As for what I put out - firstly I keep my 'friends' to my real friends, secondly I do not use the status or any of the extra applications on offer. I am really pleased with the benefits and just do a quick check-in every day.
When I get a blog, and I intend to, it will be about my quilting experiences, no politics, no religion and as little as possible about family/pets. I think one needs to protect oneself in a disciplined way in order to use technology rather than be used by it.
(word vfy: forepick - I'm not even going to explain this!)
I had the same reservations about facebook - I joined it because it connects me with my nieces and nephews who live in various places across the country. I am pretty careful what I write about on both my blog and on facebook- but so far its been nice to have some connections with parts of our family.
It is a hard decision how far one puts themselves out in blogland but in the end you have to do the things you feel the most comfortable with- if it feels wrong to me as a writer then I won't do it.
Regards,
Anna
My #2 son uses Facebook to communicate with #1 son who is away at school. I asked #2 the other day if he thought #1 would let me on as a friend, and his response was "Seriously Mom?"
He is offended that all of us 'old' people are stepping over our boundaries. I just had to laugh. Meanwhile, I'm still e-mailing and calling #1. =)
I can understand how you feel regarding Facebook but I still commend you for challenging yourself in new media. As long as you are aware and control how much info you publish, you will be fine.
I am also a member of Facebook; also due to work associates; however, I have found that I've been able to reconnect with old friends from college and have met some new acquaintances - stretching my limited NJ boundaries!
I wish you good luck in this endeavor and at least you gave it a try! :D
Nancy
My extended family is large and if not for facebook I would never know what they are up to.
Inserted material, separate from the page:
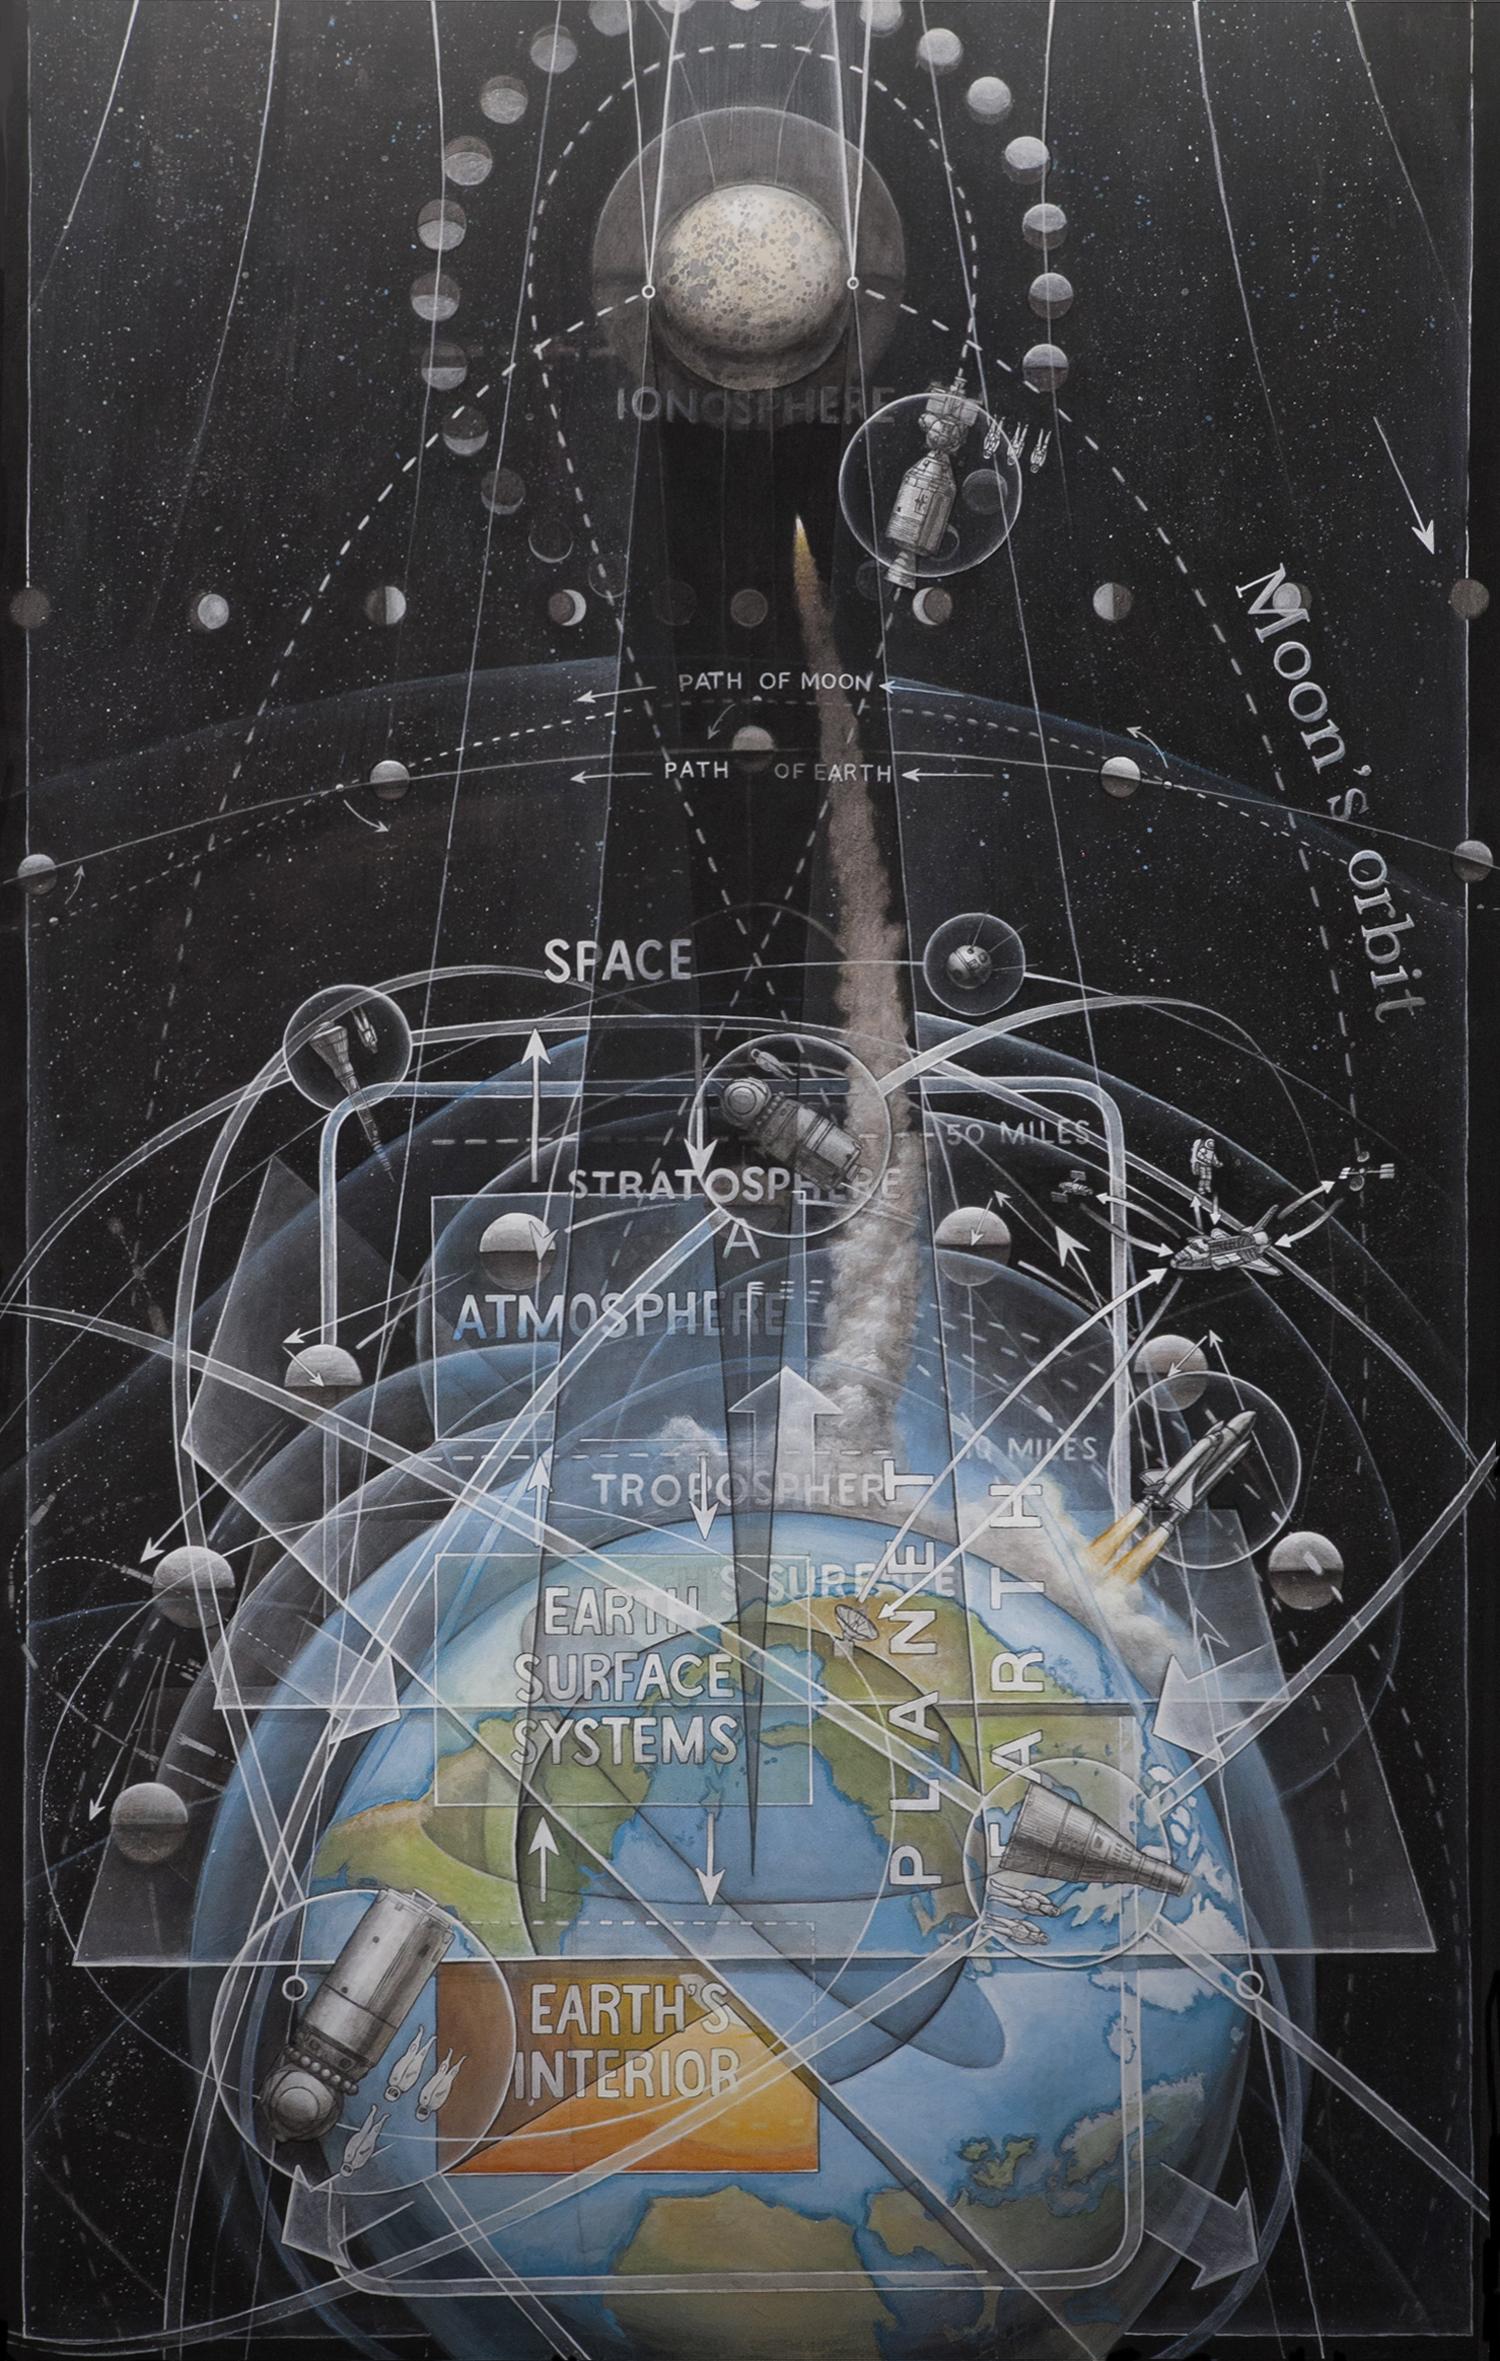 space-exploration-v-1-3-casey-cripe.jpg

My Prep School class had only 125 students and after trying to locate them through many different venues I joined Facebook and have found almost half of them, it's amazing!
What was not amazing was when I started receiving all these weird "gifts" and request. So guess what? I just press "ignore" and I'm done. I don't accept friend invitations from people I don't know personally (Pat Sloan being the only exception)and I really like it. I think, like my blog, it serves it's purpose. In my case, to reconnect with family and friends... I think you have to take what you like and leave what you don't. If I want to know what my quilting buddies are doing I read their blogs, I don't hunt them down on Facebook, that's just plain weird! My cousins don't quilt; why would they read my blog? But they would love to see pics of my Prince...so I share them there, and it makes me feel as if we're really not that far away. Just my two cents. Love your blog too. You're so insightful! =)
And for some reason I kind of like my compartments.